_Directions for this task_
In the entries that follow, repeat exactly the lines from the one that has "Foto von Strand" through the one that has "Școala Postliceală Sanitară", but omit pictures.

_Provided data_
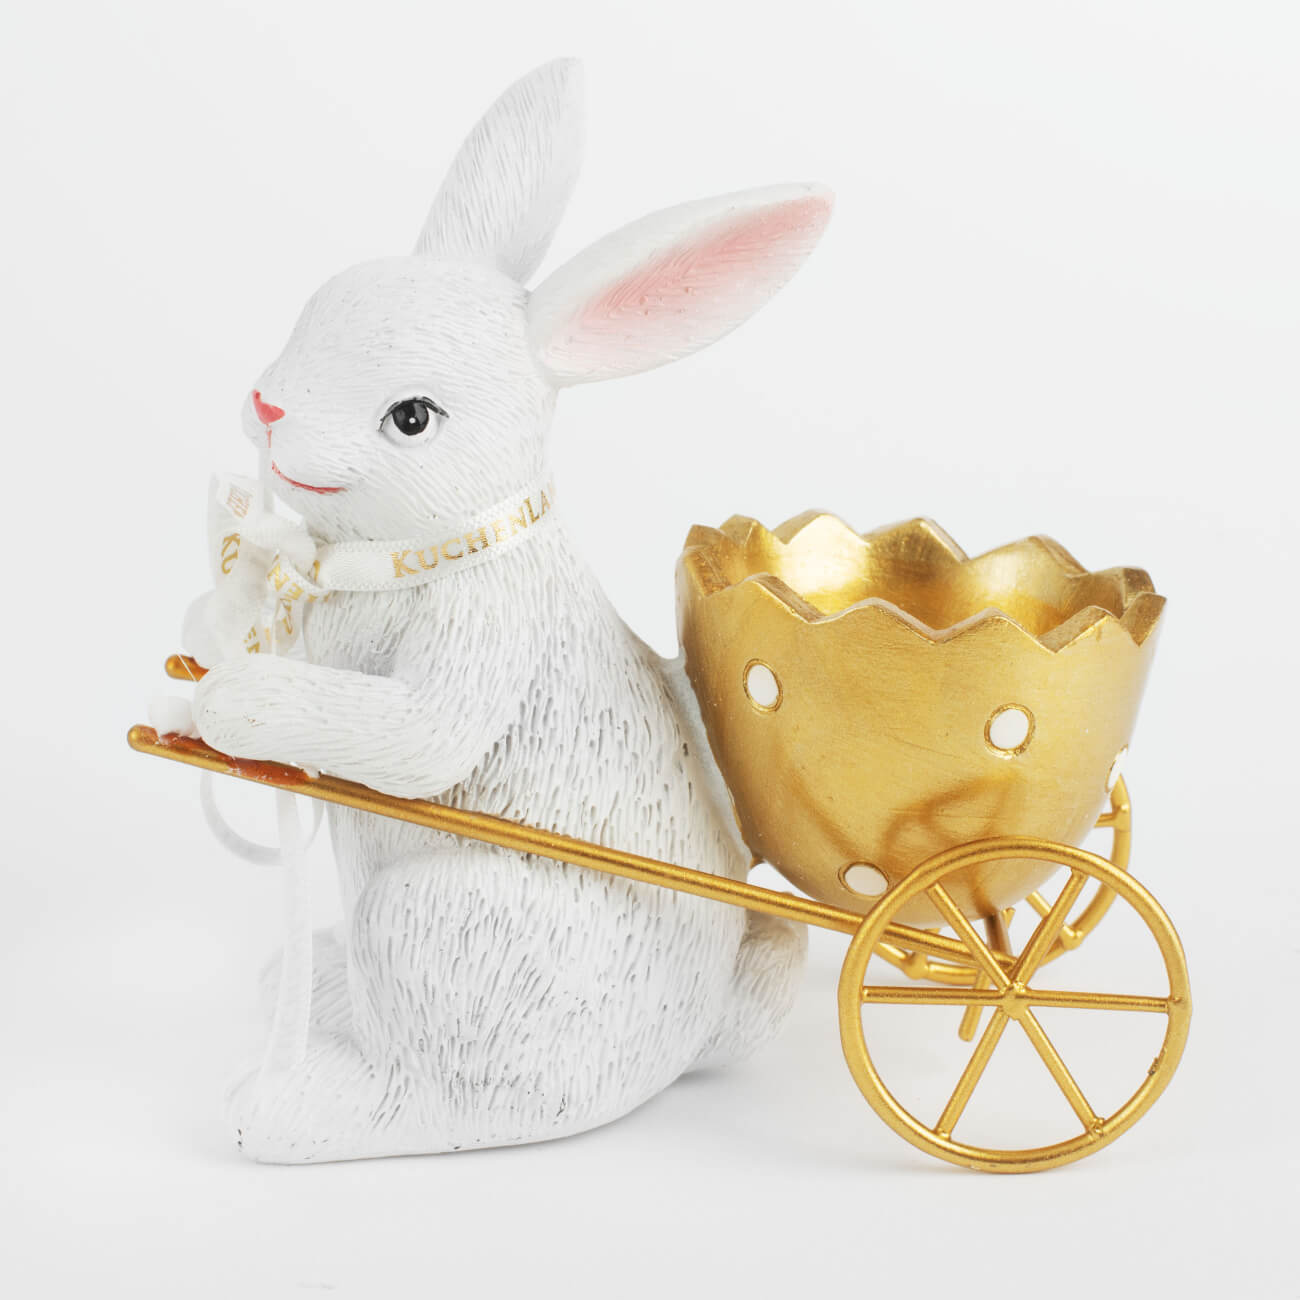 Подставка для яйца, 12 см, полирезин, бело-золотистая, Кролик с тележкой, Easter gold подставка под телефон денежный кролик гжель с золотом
--
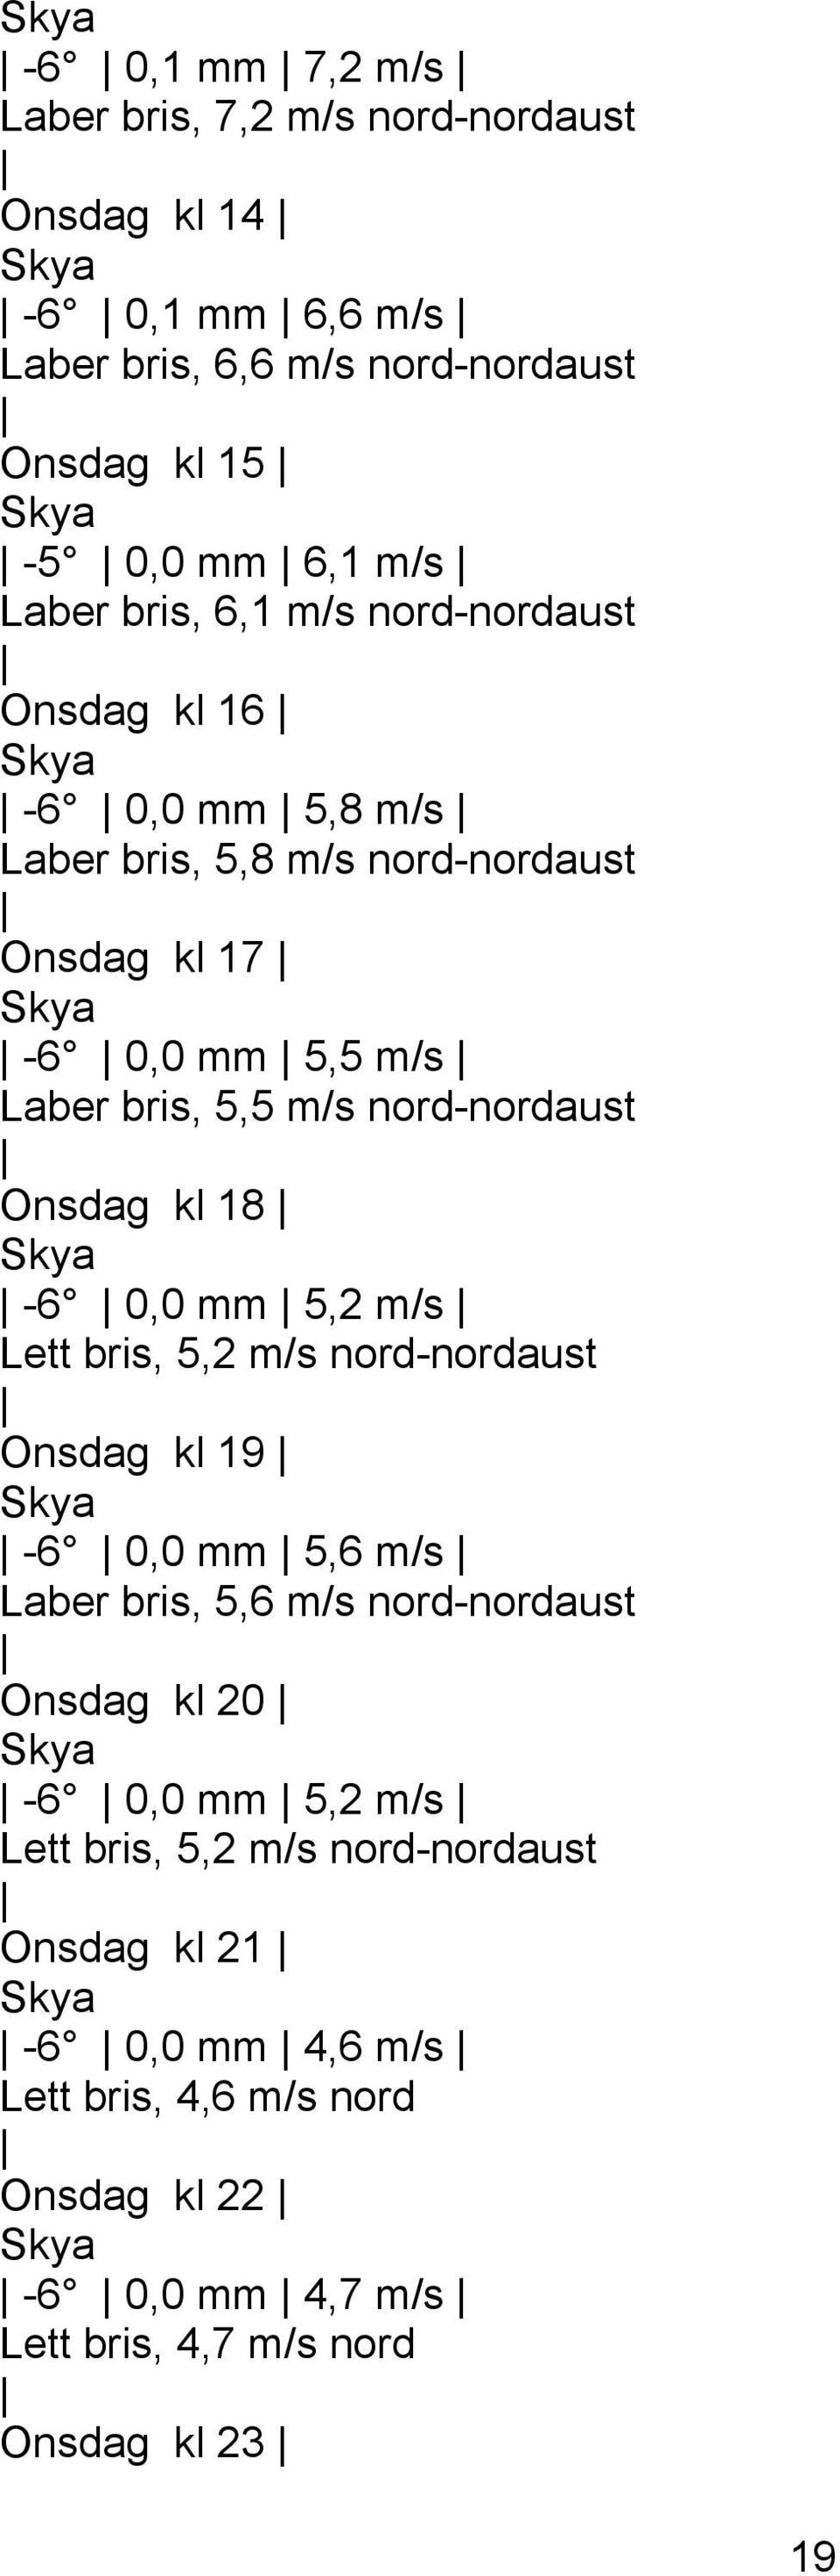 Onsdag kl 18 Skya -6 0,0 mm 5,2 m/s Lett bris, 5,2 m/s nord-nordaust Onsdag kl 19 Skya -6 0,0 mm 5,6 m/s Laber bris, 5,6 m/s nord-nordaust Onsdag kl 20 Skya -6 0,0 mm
* * *
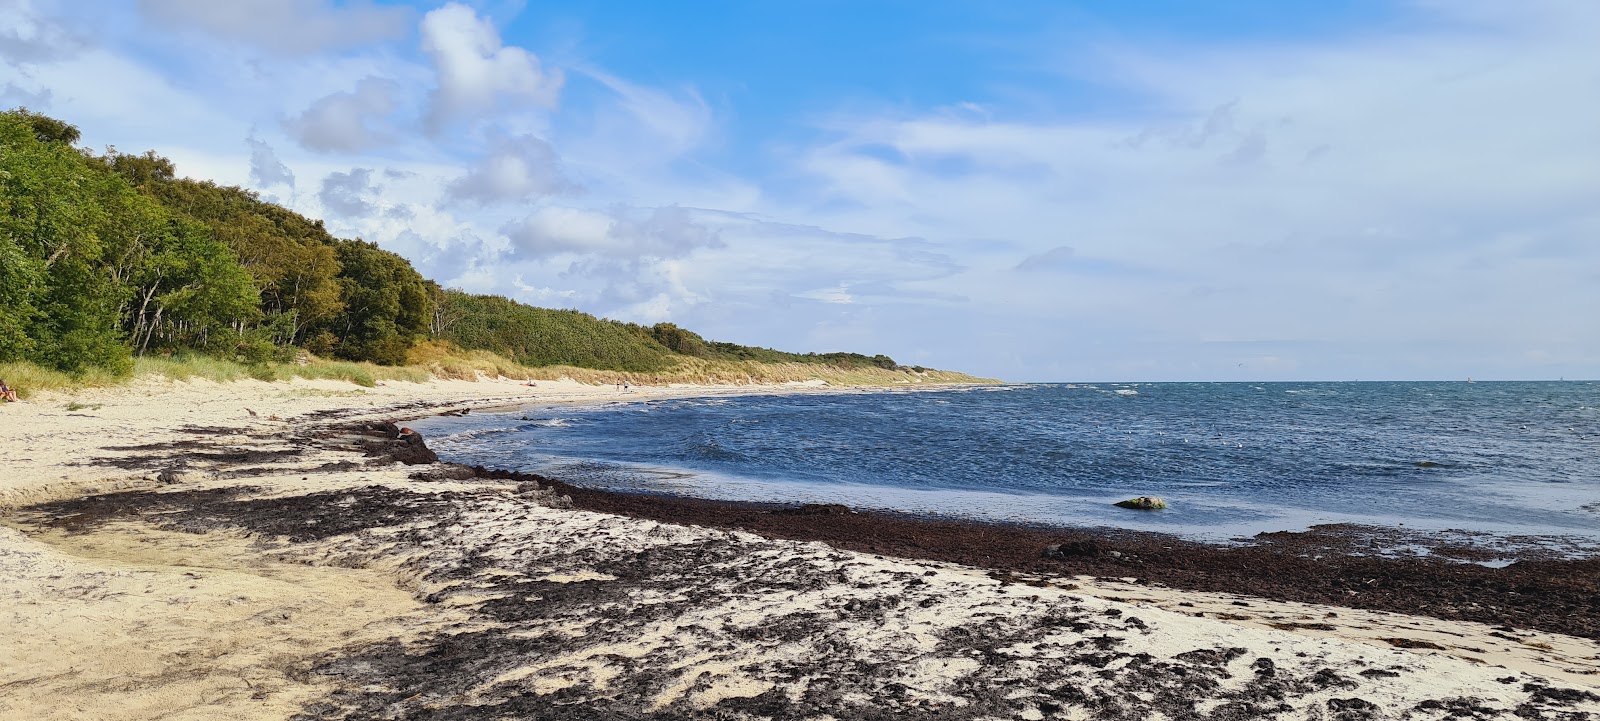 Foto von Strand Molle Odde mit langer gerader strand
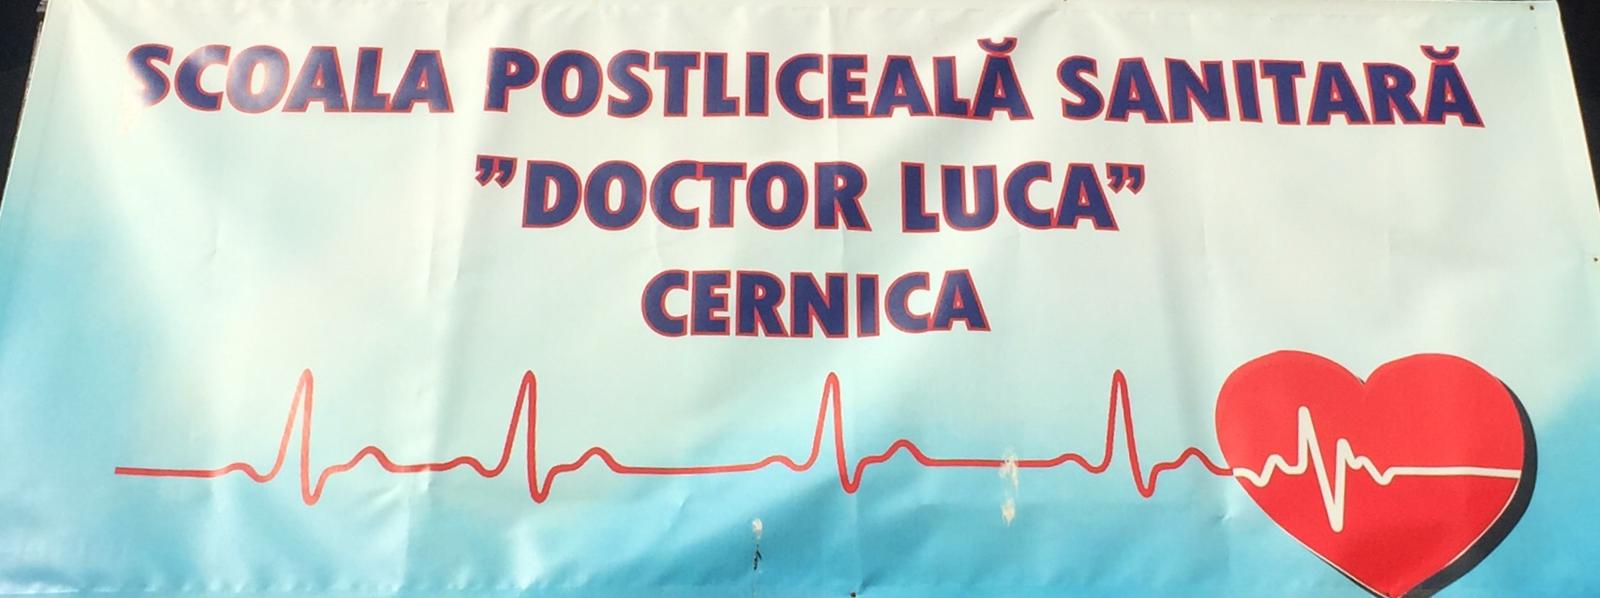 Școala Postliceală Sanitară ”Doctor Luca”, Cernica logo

_Task result_
 Foto von Strand Molle Odde mit langer gerader strand
 Școala Postliceală Sanitară ”Doctor Luca”, Cernica logo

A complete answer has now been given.